What are your research areas of focus?
I like to define myself as a pure computer scientist with a natural inclination for multi-disciplinarity. Parallel and High-Performance Computing is useful when applied to other scientific domains, such as chemistry, geology, physics, mathematics, medicine. It is, therefore, crucial for me to work with domain experts, and do so while maintaining my ability to delve into performance issues regardless of a particular application. To me, Artificial Intelligence is also a class of applications.
When did you know that you wanted to be a researcher and wanted to pursue this field?

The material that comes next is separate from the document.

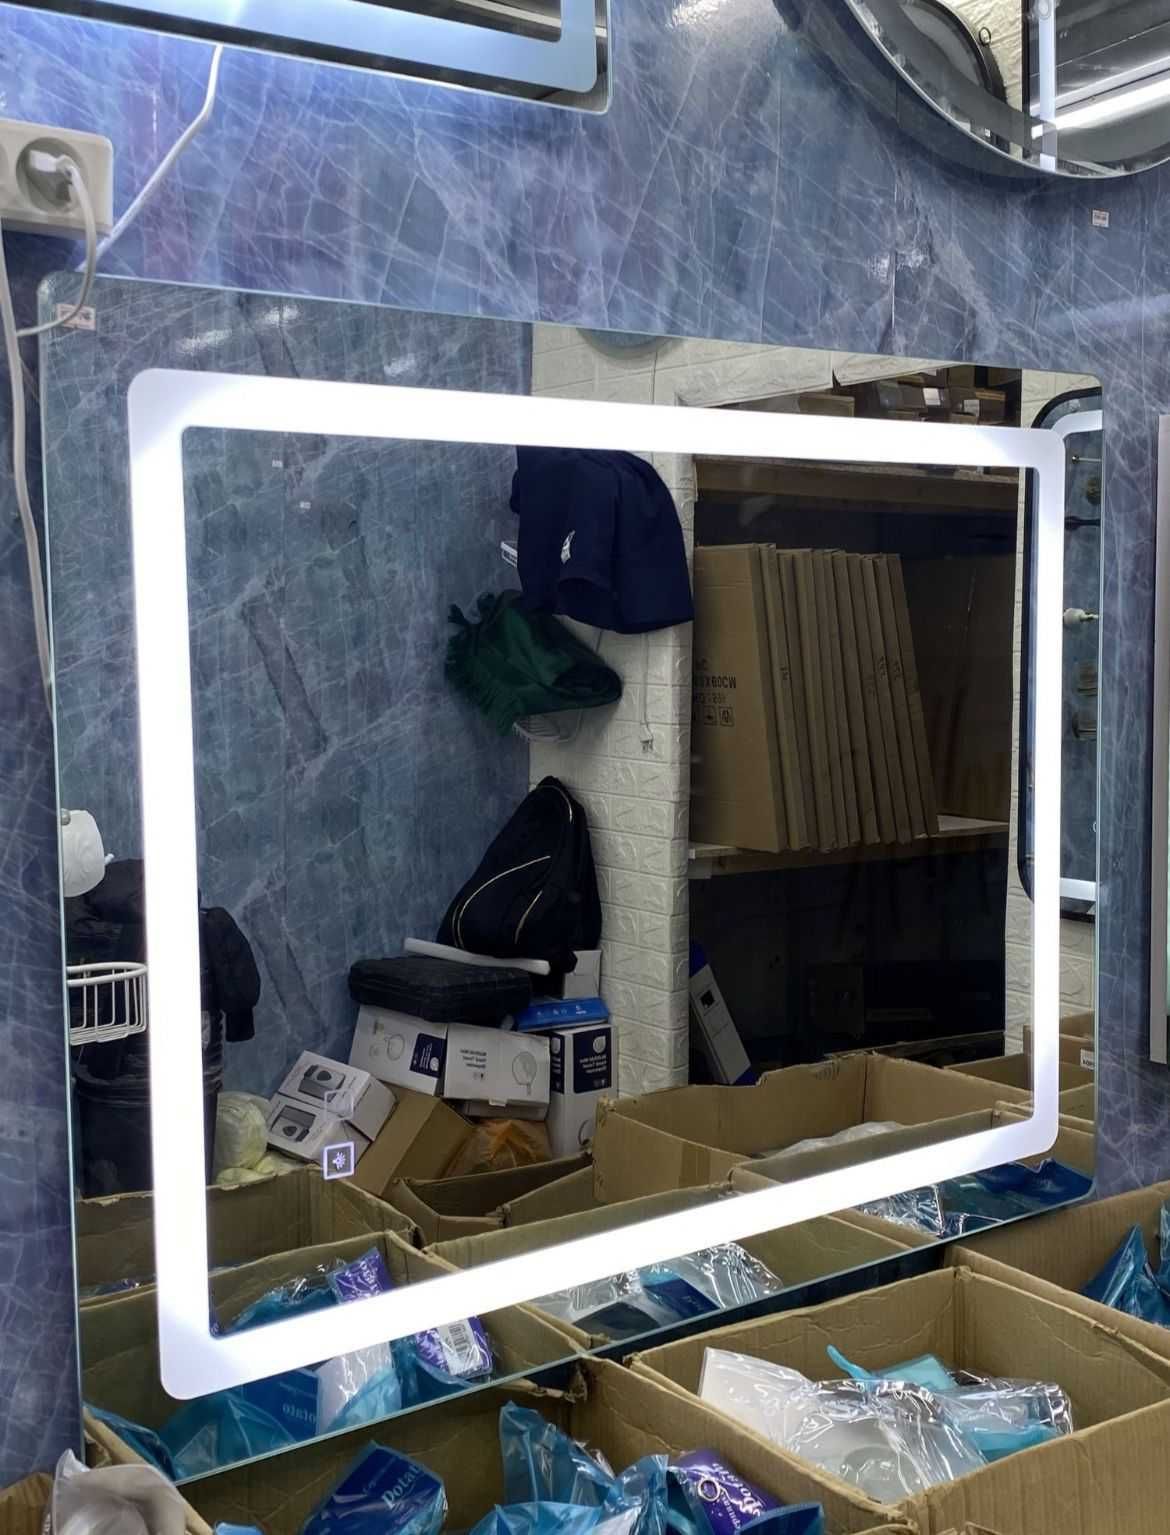 лед зеркало, зеркало для ванной комнаты, зеркало с подсветкой!

I was a curious child and I would say that discovering new things is simply the condition that makes me feel most satisfied. I got my MSc and Ph.D. at the University of Pisa, Italy’s first Computer Science department, established in the late 1960s. The research group on Parallel Computing was strong. As a Ph.D. student, I have deeply appreciated their approach to distilling and abstracting computational paradigms independent of the specific domain and, therefore, somehow universal. That is mesmerizing.
What motivated you to pursue your recent research area of focus in supercomputing and the fight against COVID?
People remember the importance of research only in times of need, but sometimes it’s too late. When COVID arrived, all of us researchers felt the moral duty to be the front-runners in investing our energy and our time well beyond regular working hours. When CLAIRE (“Confederation of Laboratories for Artificial Intelligence Research in Europe”) proposed I lead a task force of volunteer scientists to help develop tools to fight against COVID, I immediately accepted. It was the task force on the HPC plus AI-based classification of interstitial pneumonia. I presented the results in my talk at GTC ’21; they are pretty interesting.
** Click here to watch the presentation from GTC ’21, “The Universal Cloud-HPC Pipeline for the AI-Assisted Explainable Diagnosis of of COVID-19 Pneumonia“.
What problems or challenges does your research address?
I am specifically interested in what I like to call “the modernization of HPC applications,” which is the convergence of HPC and AI, but also all the methodologies needed to build portable HPC applications running on the compute continuum, from HPC to cloud to edge. The portability of applications and performances is a severe issue for traditional HPC programming models.
In the long term, writing scalable parallel programs that are efficient, portable, and correct must be no more onerous than writing sequential programs. To date, parallel programming has not embraced much more than low-level libraries, which often require the application’s architectural redesign. In the hierarchy of abstractions, they are only slightly above toggling absolute binary in the machine’s front panel. This approach cannot effectively scale to support the mainstream of software development where human productivity, total cost, and time to the solution are equally, if not more, important aspects. Modern AI toolkits and their cloud interfaces represent a tremendous modernization opportunity because they contaminate the small world of MPI and the batch jobs with new concepts: modular design, the composition of services, segregation of effects and data, multi-tenancy, rapid prototyping, massive GPU exploitation, interactive interfaces. After the integration with AI, HPC will not be what it used to be.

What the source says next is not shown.